Seif: Thanks, Caroline. Thanks for having me. I'm really excited to talk to you and share my experience in cybersecurity.
Caroline: What a pleasure it is to connect with you today. Seif, let's kick off our conversation by learning a bit more about you. Can you share with our listeners how did you get started in security and what drives your passion for it now?
Seif: Well, while it's not an exciting story in which I discovered a zero-day when I was in elementary school, I'm just kidding, or maybe... Yeah, or from passion for computers as old as the Commodore 64 from the early '80s. But in fact, when I was 8 years old, I was playing with a walkie-talkie that I borrowed from my cousin and I was able to hop in on calls and listening to people, and that was amazing. It's like, oh my God, this is great. But at the same time, I think I'm not supposed to be, like, on those calls. So, I think there is something wrong with these cellular networks. Of course, it was 1G networks. Of course, that wasn't, like, the...
I didn't start in InfoSec when I was 8 years old, but it ignited my passion for, like, electronics and computers. My grandfather was an engineer and I grew up around electronics components everywhere. So, I was interested in that at like early age. But I got interested in security when I was in high school. Then through college when I got interested more into mathematics and cryptography. From there I continued my graduate studies in telecommunications and networking. Then computer science while making sure all my projects and internships had a security focus, because we didn't have an option to do like a master's in InfoSec or cryptography. So, I did it my own way and made sure, it's like, I do more projects that are more information security related. So, then after a couple of summer internships, junior level position, like post-graduation, I was able to join an elite telco vendor and work on 2G, 3G, and 4G projects.

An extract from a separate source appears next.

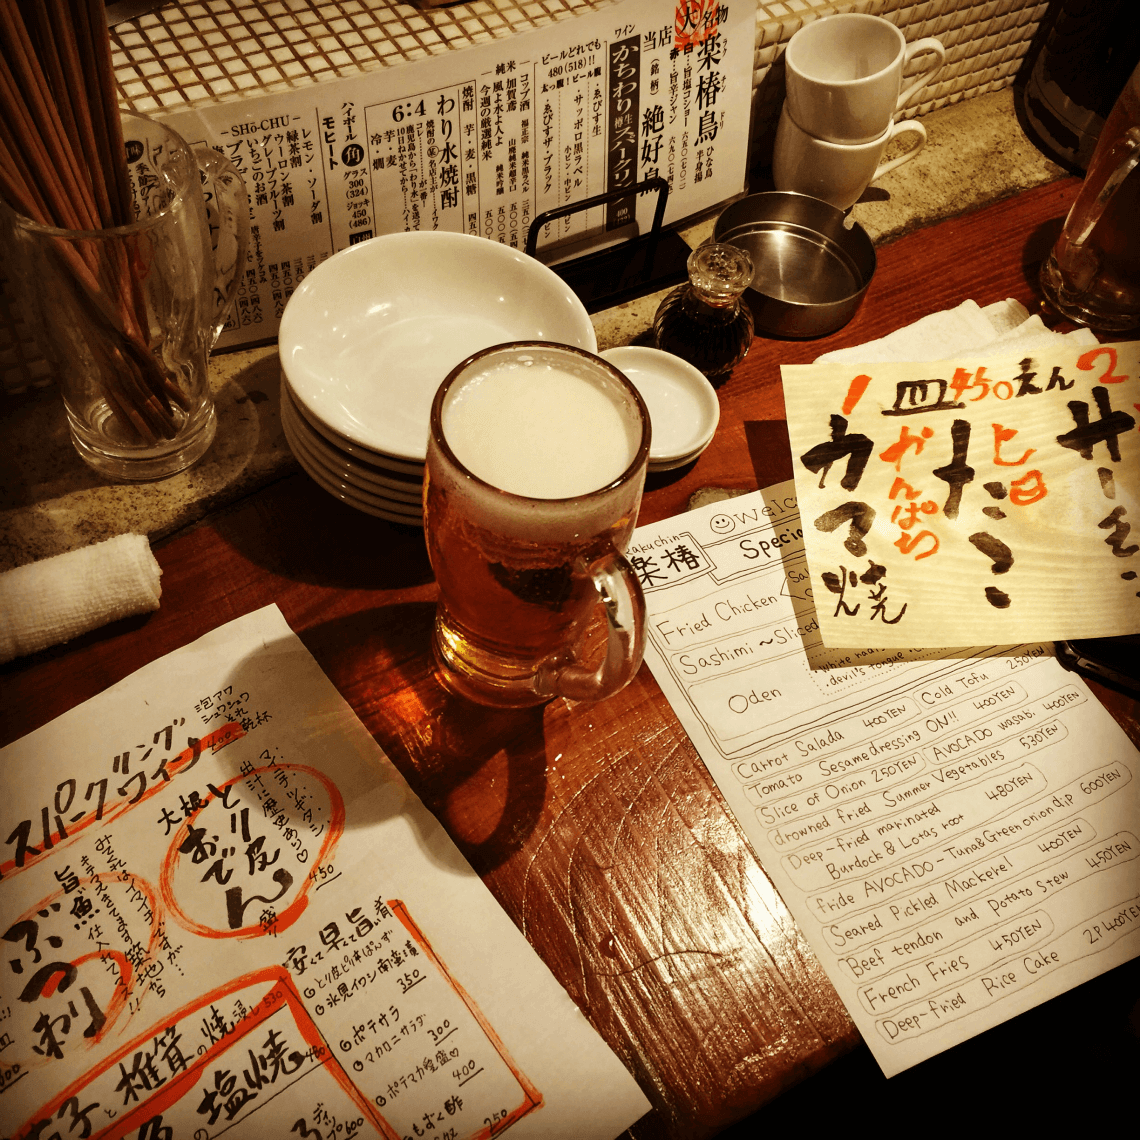 东京涩谷的居酒屋。这是我们推荐的在日本必做的事情之一

Caroline: You know, it's incredible, Seif, I can just imagine you as an 8-year-old boy playing with these walkie-talkies, you know, and then you grow up and you're actually working on these. So, I think that's so cool. I also understand that first of all, your voice has a beautiful sound to it and your accent is due to your coming from Algeria, I understand that you spent time as a graduate teacher for cybersecurity in Algeria. I wonder if you can tell me more about that time in your life. What is it that inspired you to pursue that role? How did you work with your students? And can you share any lessons with us that you learned from your students?
Seif: So, it started a couple of years after I graduated. So, I was working, I was getting more responsibilities and it's like evolving in my career, but I always had that passion for teaching because I consider myself a lifelong learner. I always want to explore and discover new topics but also have that deep feeling of like giving back to the community and society in general, because my school teachers and university professors both had a great impact on me personally and academically, so I wanted to have that same connection with the next generation of builders and thinkers. So, because interacting with students and like-minded people in general, including the other professors helps build deep relationships and that sense of community, but also develop collaboration, communication skills for both the teachers and the students. So, this is the summary of why I wanted to do that and why I was doing it.

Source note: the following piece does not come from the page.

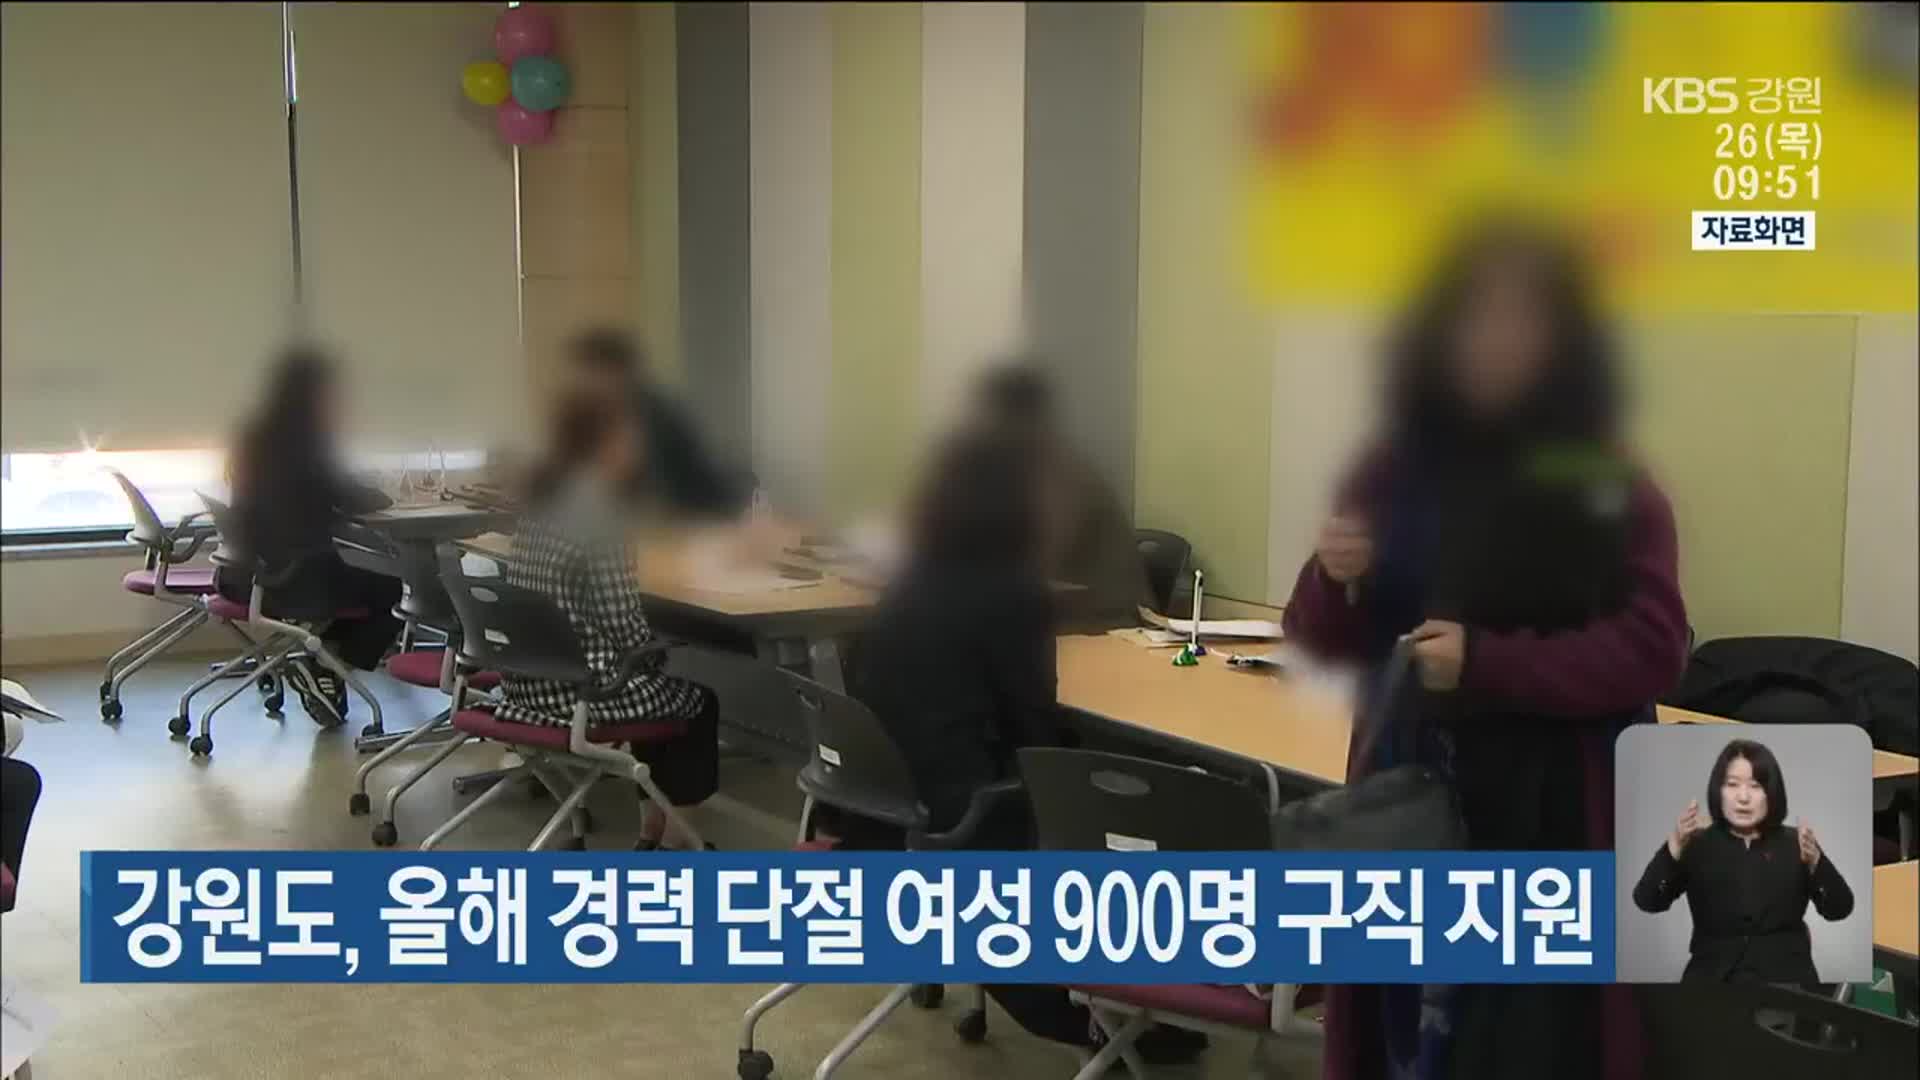 강원도, 올해 경력 단절 여성 900명 구직 지원

Caroline: That's fantastic. It's very clear to me hearing you speak, you're so passionate about helping people to learn and develop themselves and to join our field. I also wanna share with our listeners, you've done videos on your YouTube channel, and in particular there is one video where you talk about the challenges of people having to get a college degree in order to get their first cybersecurity job. I'd love to hear about what was your idea behind this particular video?

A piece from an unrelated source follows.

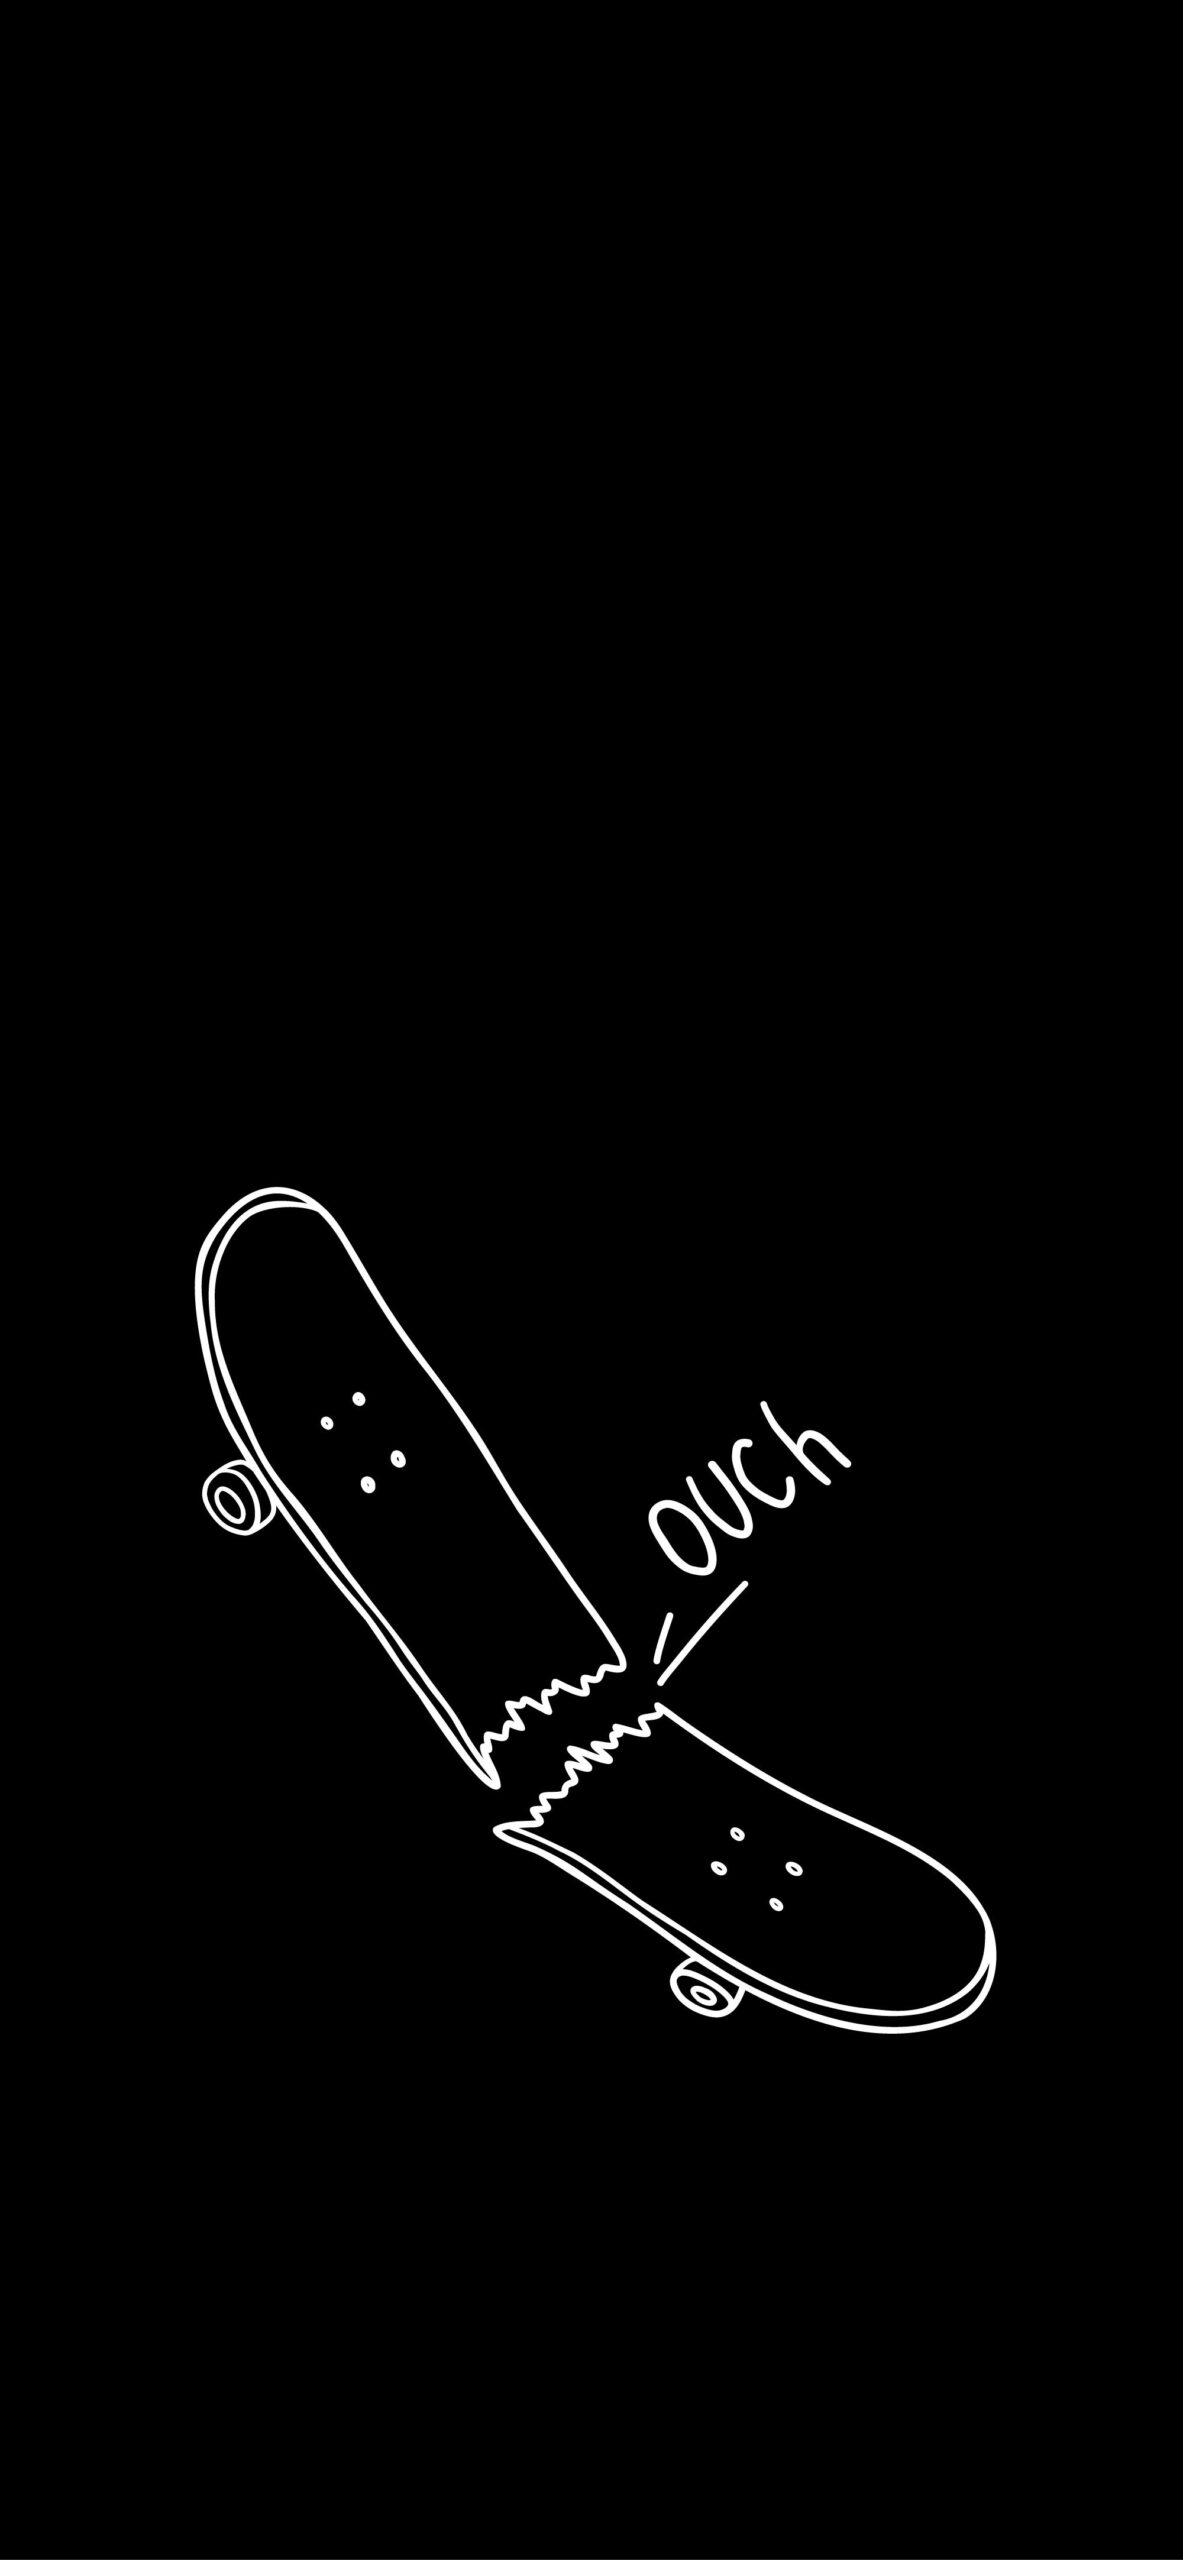 Broken Skateboard Doodle Black Wallpaper Sk8 Cool

Seif: My idea and motivation behind creating the YouTube channel in the first place, was the same as teaching, is to give back to the community and guide people in their careers. To share tips and tricks from real-life experience and at the same time document my journey as a professional and lifetime learner. So, starting with a video that talks about getting into security without a degree, it's because people usually create a lot of blockers for themselves or think that they have to get, let's say, a bachelor's or master's degree in computer science or information security in order to get their first job. But in reality, they can start smaller.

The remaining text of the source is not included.